Монах опустился на колени и отвечал:
– Я не оборотень и не злой дух, а служу в этом монастыре, приставлен к курильницам и лампадам.
Выслушав монаха, Сюаньцзан совсем успокоился.
– Ну и напугал ты меня! – сказал он чумазому. – Чуть не до смерти! А теперь веди меня к себе!
Монах повел Сюаньцзана за собой, и они вошли за третьи ворота. Тут перед Сюаньцзаном предстала совсем иная картина: все было исполнено роскоши и великолепия.

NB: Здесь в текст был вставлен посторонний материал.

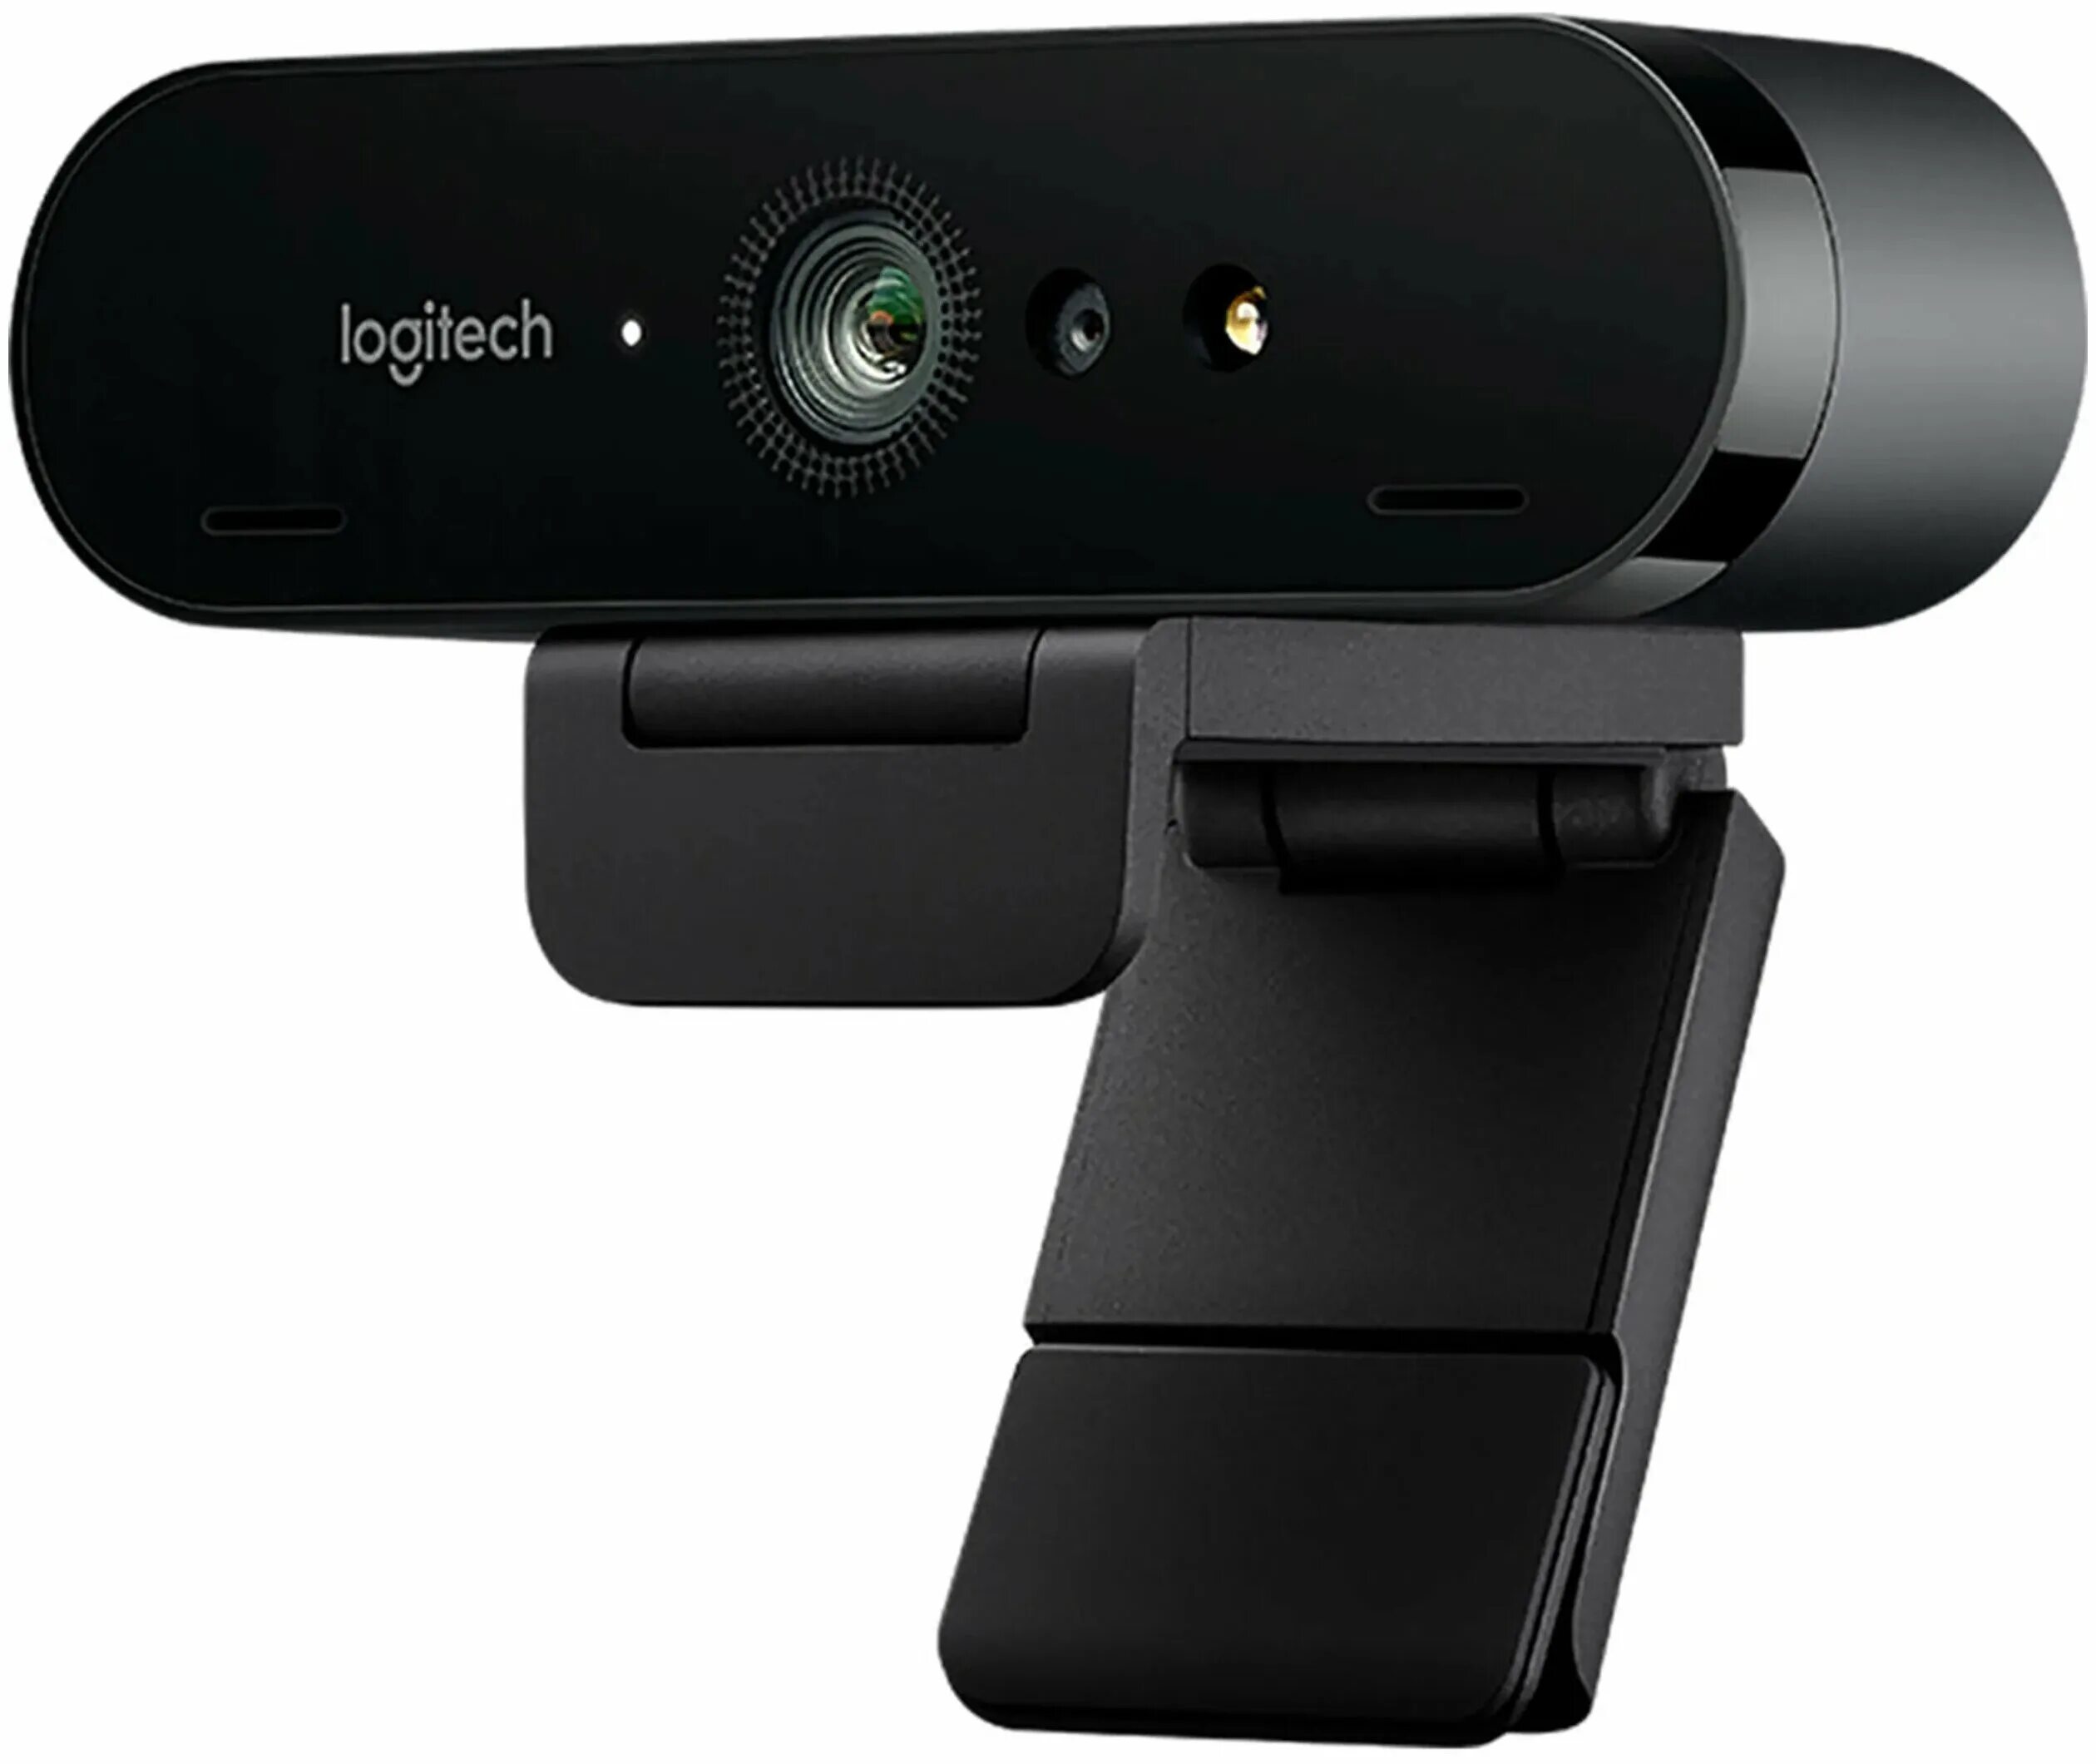 Web-камера Logitech Brio Black (960-001106). Купить камеру логитек
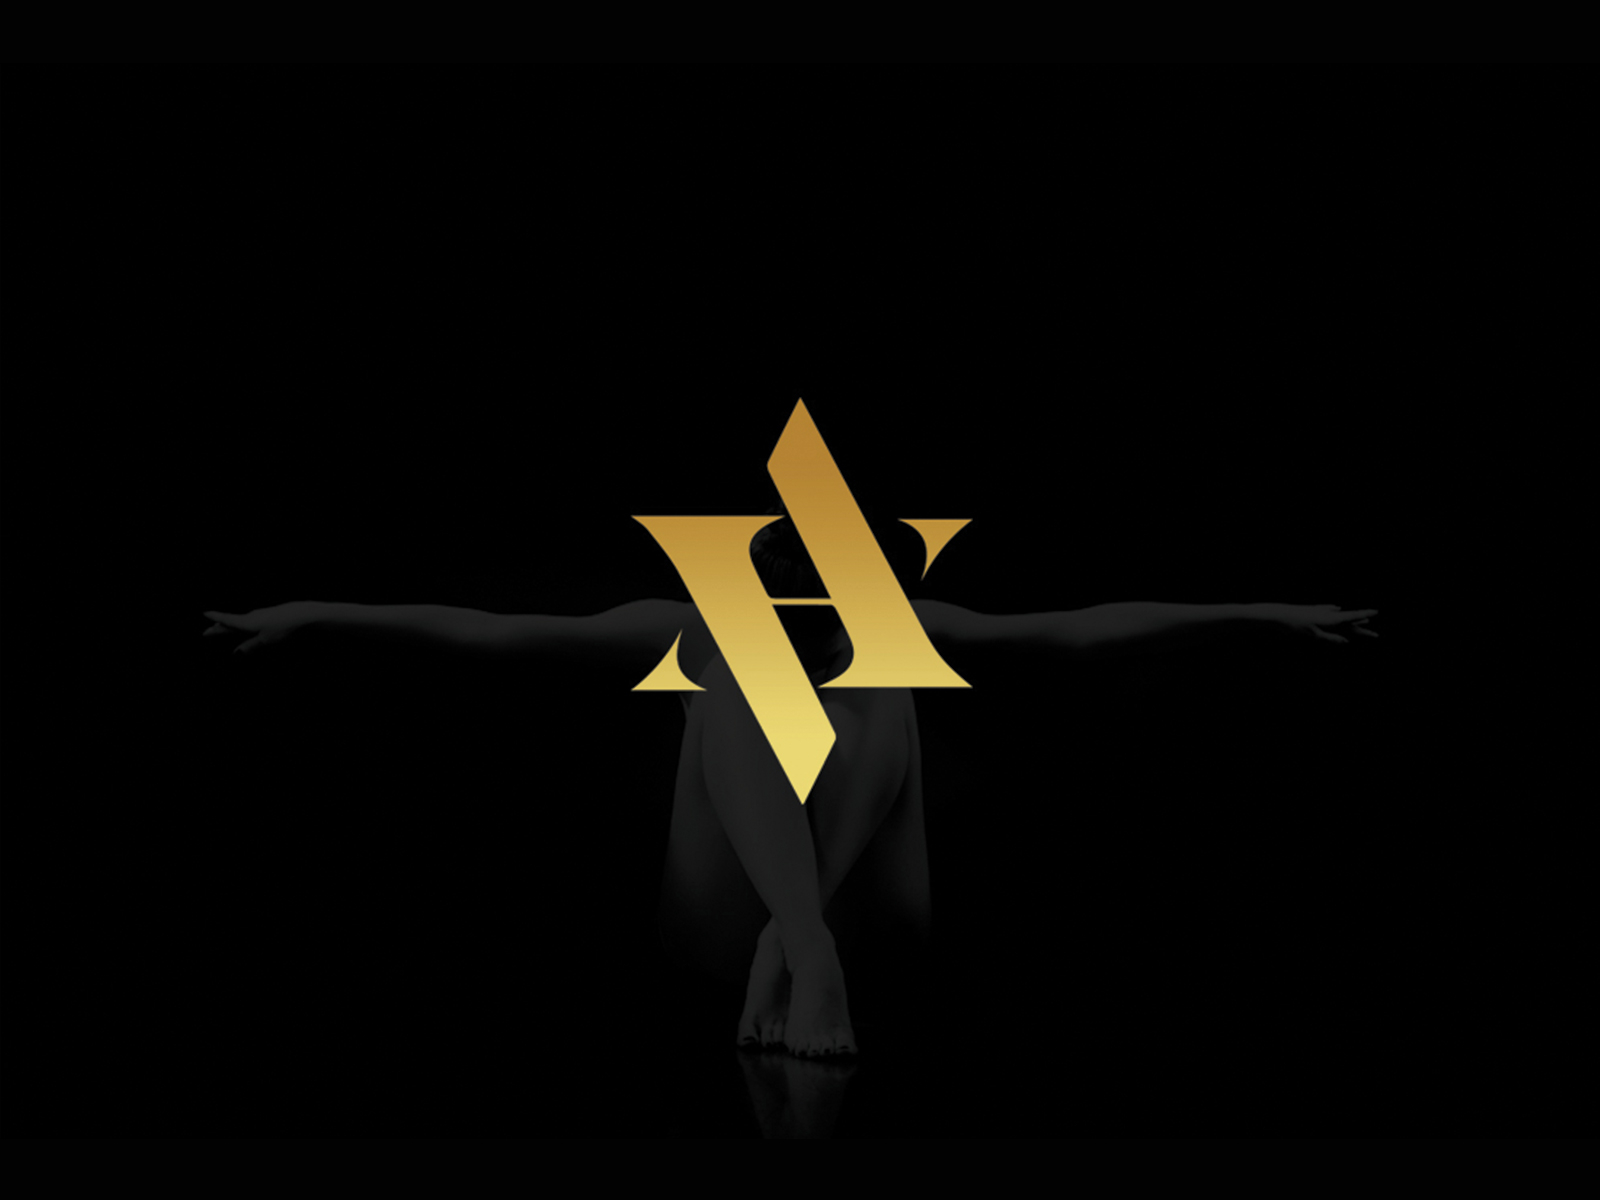 Av Logo Cliparts, Stock Vector and Royalty Free Av Logo Illustrations
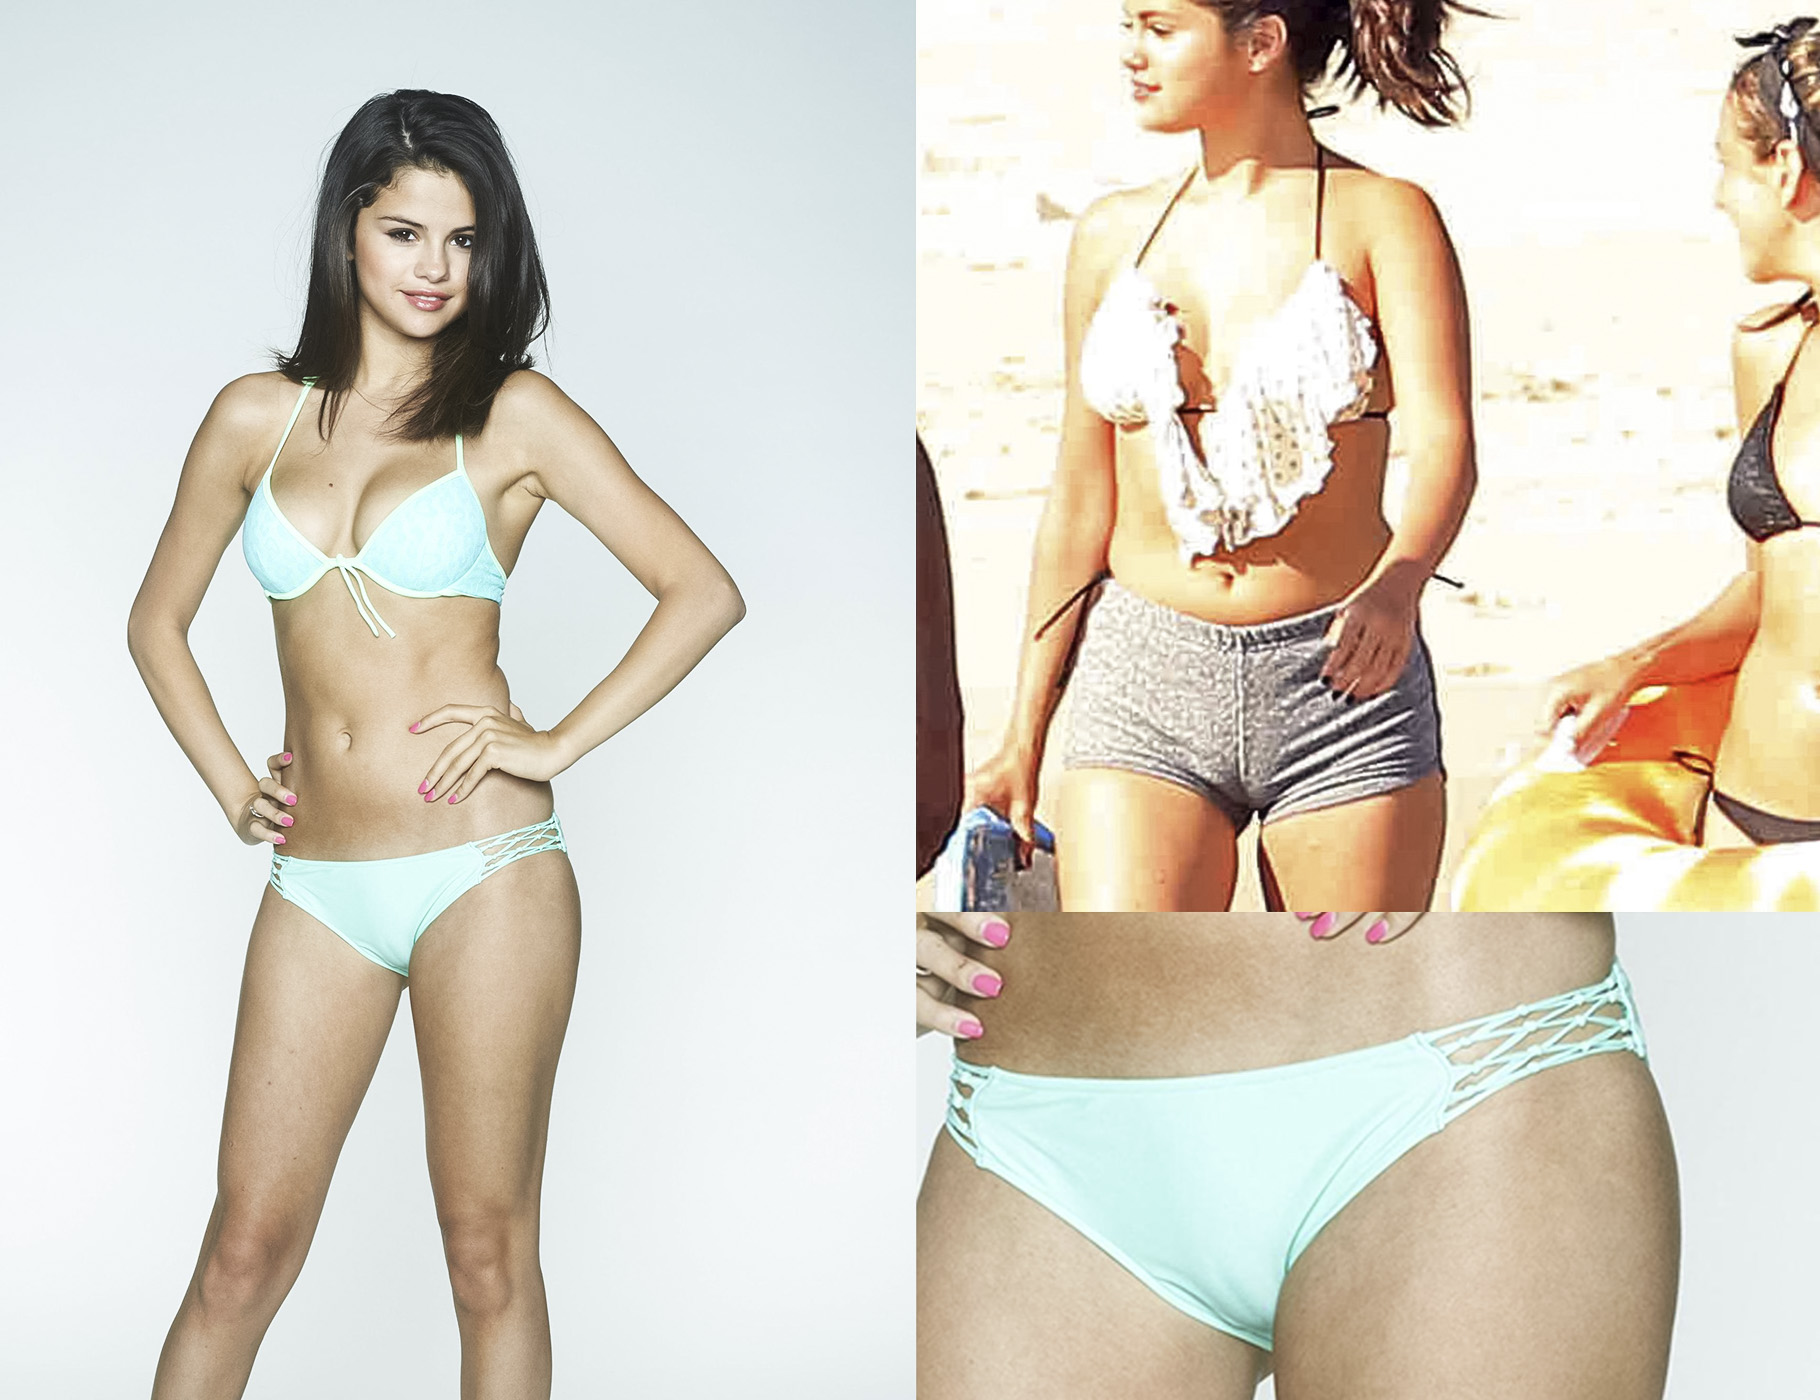 Selena Gomez camel toe - Selena Gomez cameltoe - Selena Gomez...

Изумленный Танский монах шагу не смел ступить дальше и обратился к монаху:
– Скажи мне, отчего это у вас при входе царит запустение, а здесь, внутри, такое благолепие?
Монах ухмыльнулся.
– Почтенный отец! – ответил он. – На этой горе по соседству с нами поселились дерзкие разбойники. В ясную погоду они бродят по горе, грабят людей, а в ненастье укрываются в нашем монастыре. Это они повалили изваяние хранителей Будды и все сломали, чтобы разводить костры. Обитатели нашего монастыря все слабые и хилые, вот и боятся им слово сказать. Поэтому мы и решили отдать этим насильникам переднюю часть монастыря под жилье, а сами собрали подаяния от разных благодетелей и выстроили себе другой монастырь, на задворках. Так у нас на Западе принято размежевывать чистых от нечистых…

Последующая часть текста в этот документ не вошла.